*** INFORMATION SUPPLIED Section Begins ***

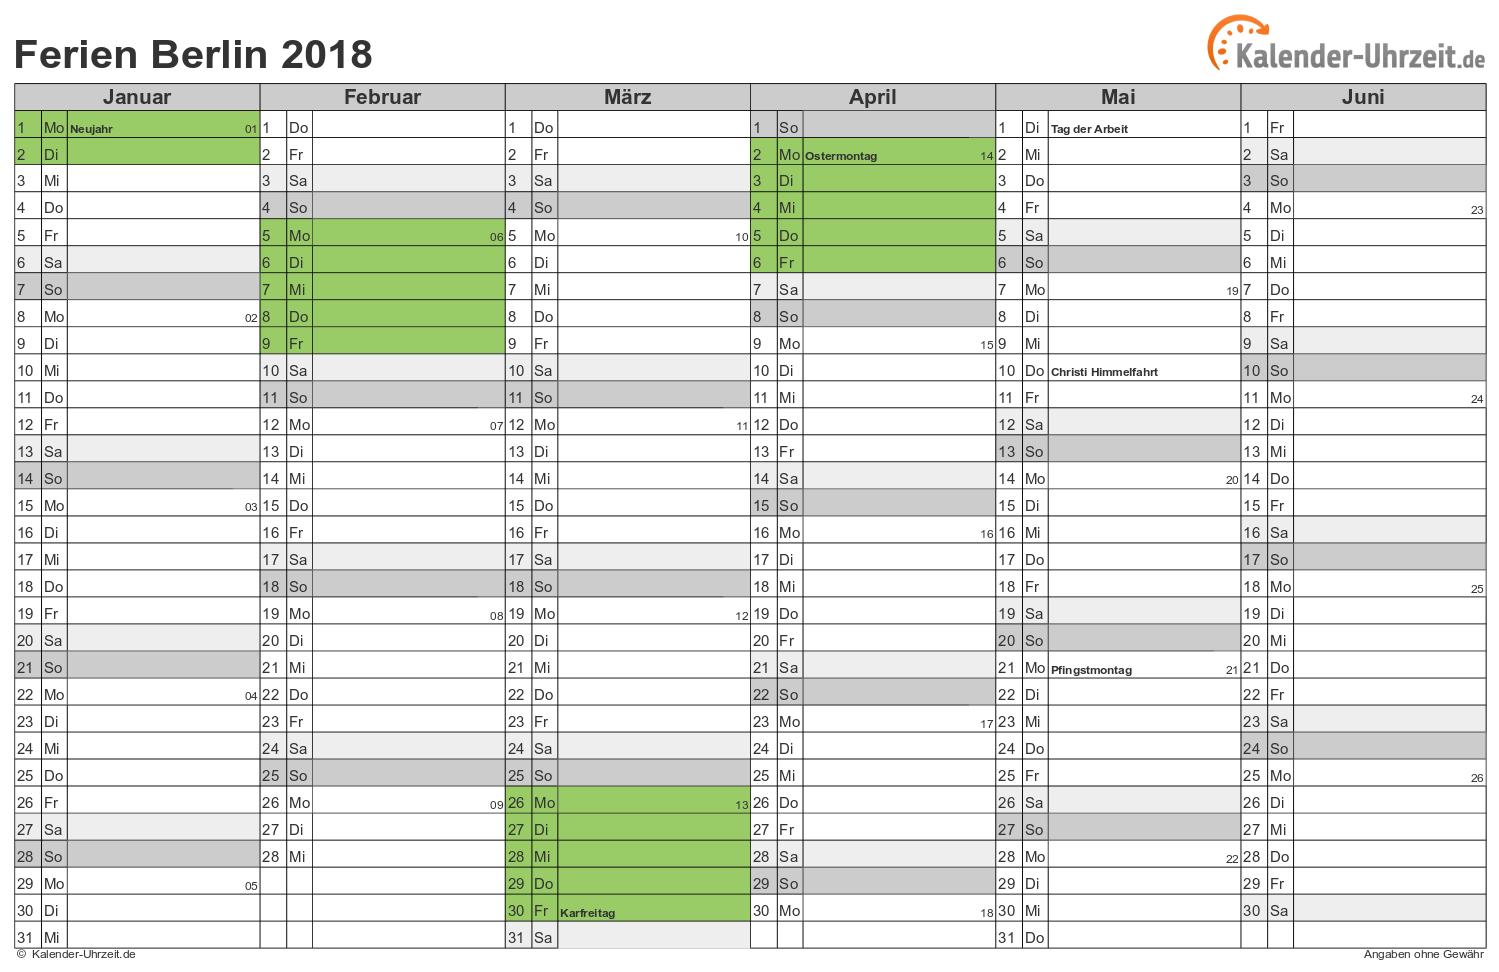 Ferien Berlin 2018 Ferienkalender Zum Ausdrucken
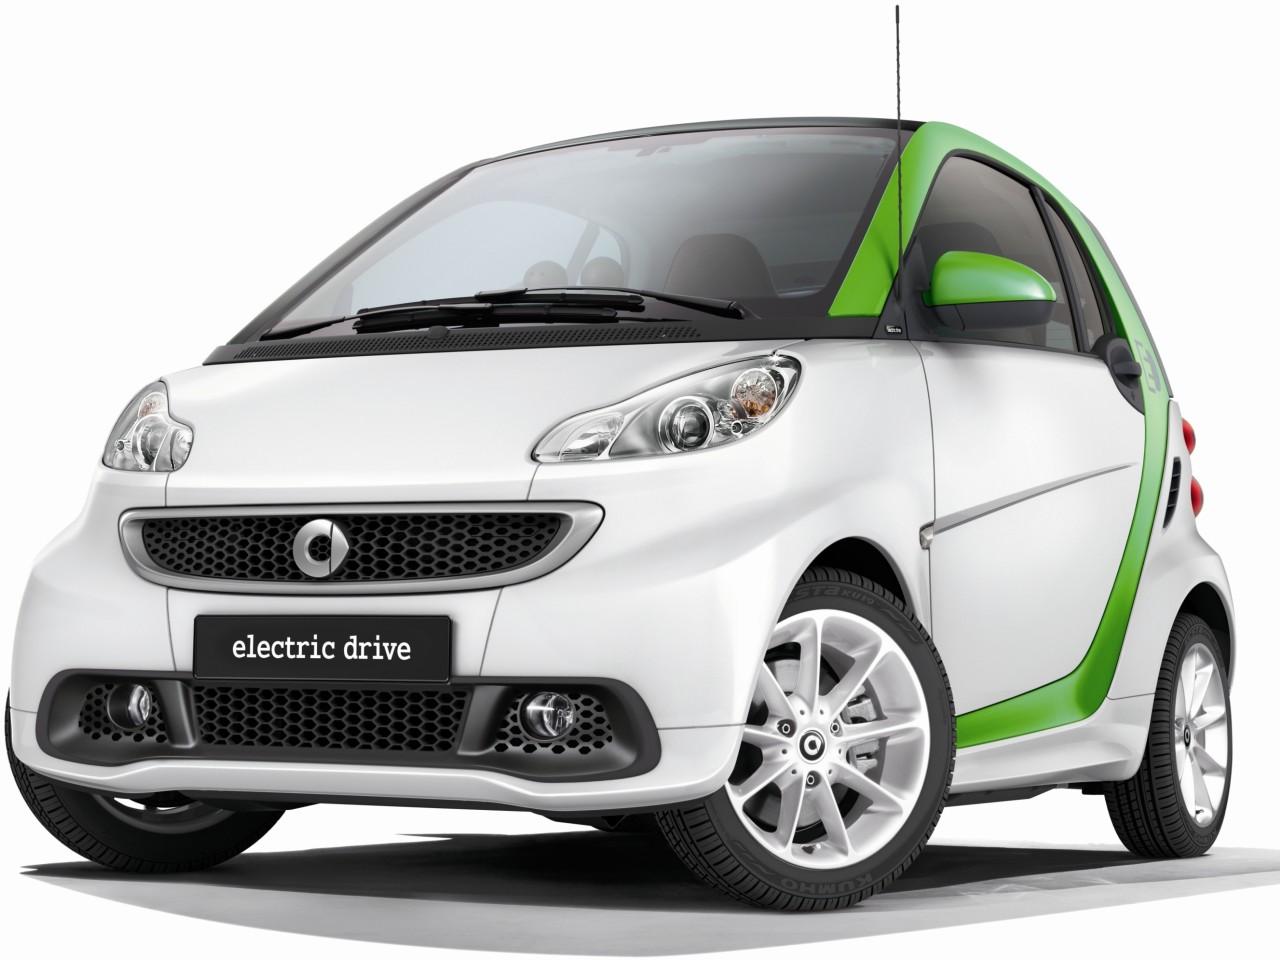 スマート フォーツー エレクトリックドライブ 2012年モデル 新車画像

*** INFORMATION SUPPLIED Section Ends ***
*** INFORMATION SUPPLIED Section Begins ***

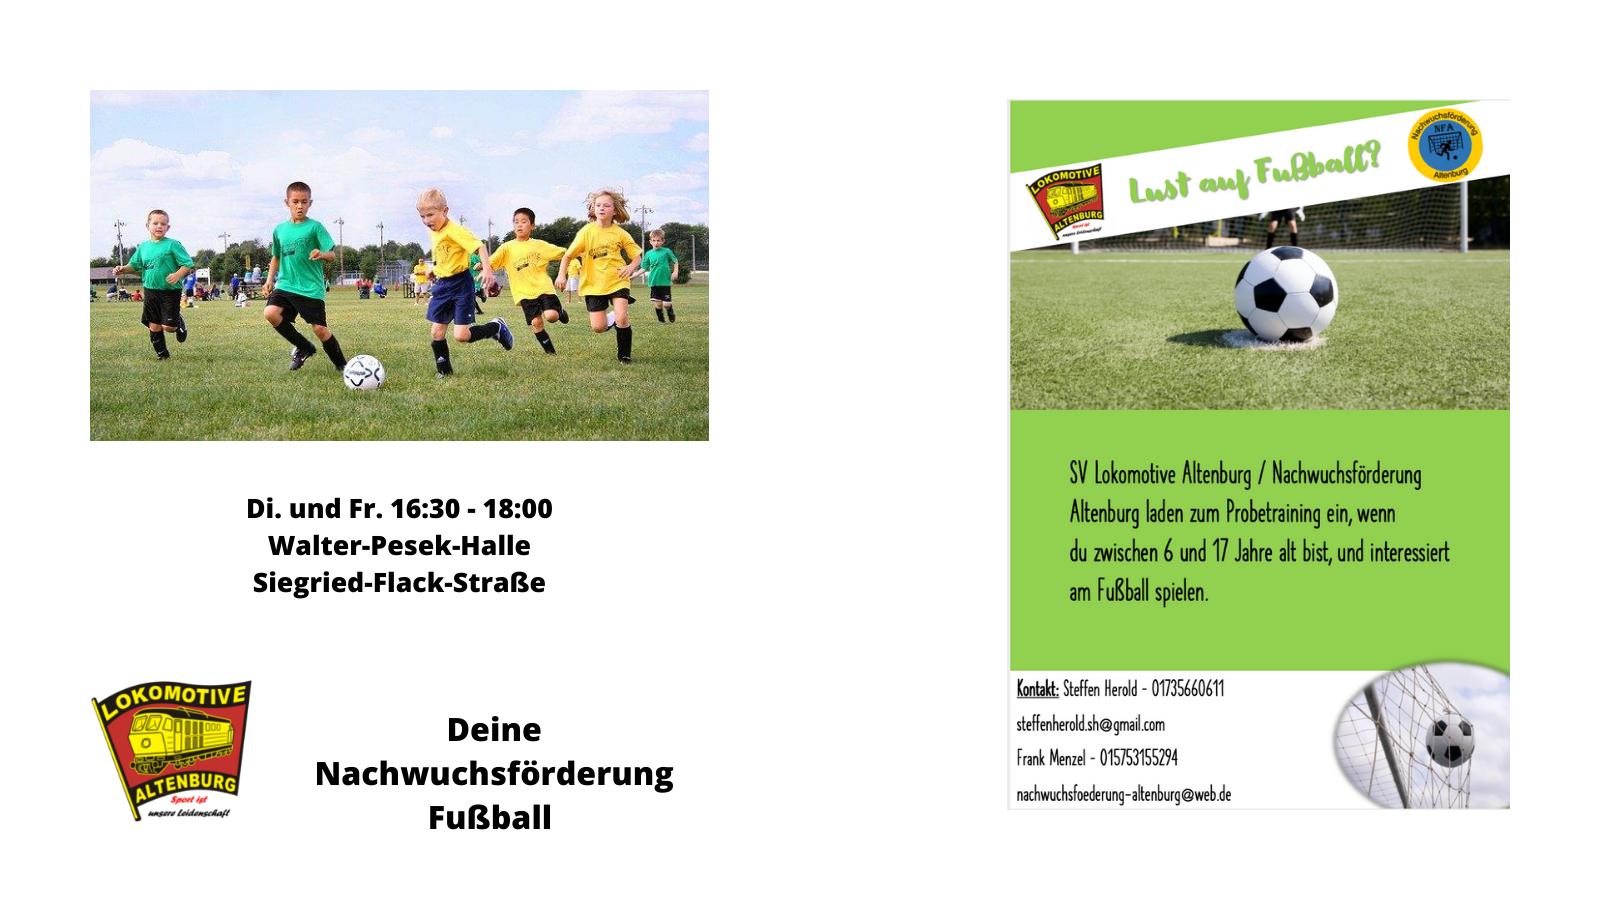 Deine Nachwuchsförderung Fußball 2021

*** INFORMATION SUPPLIED Section Ends ***
*** INFORMATION SUPPLIED Section Begins ***

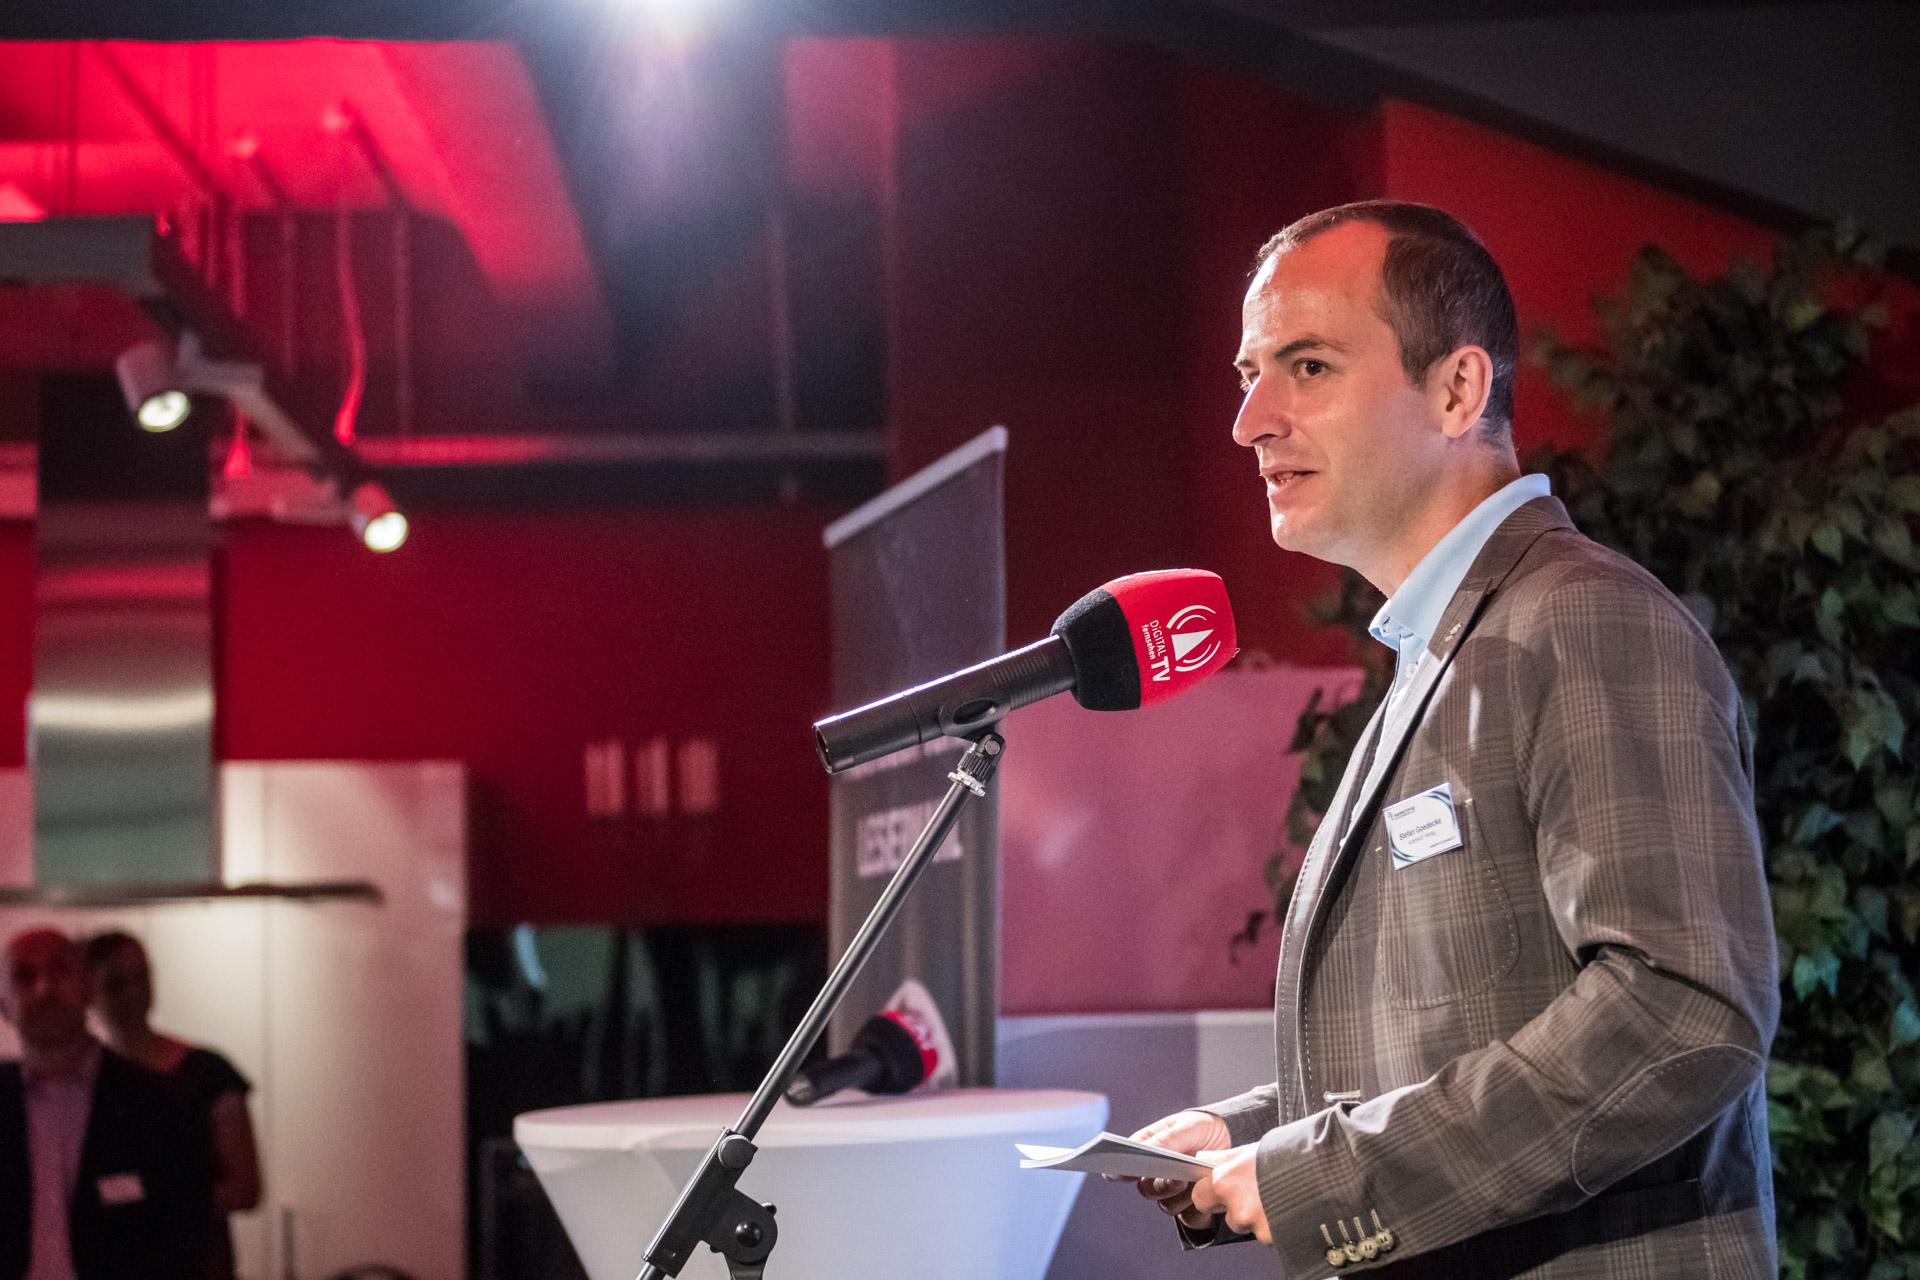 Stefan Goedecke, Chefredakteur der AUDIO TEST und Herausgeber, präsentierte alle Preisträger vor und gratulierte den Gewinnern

*** INFORMATION SUPPLIED Section Ends ***

Your task is to copy only the lines above starting at the one containing "Ferien Berlin 2018" and ending at the one containing "スマート フォーツー エレクトリックドライブ 2012年モデル 新車画像". Copy them exactly, both ends included, and omit the pictures.

 Ferien Berlin 2018 Ferienkalender Zum Ausdrucken
 スマート フォーツー エレクトリックドライブ 2012年モデル 新車画像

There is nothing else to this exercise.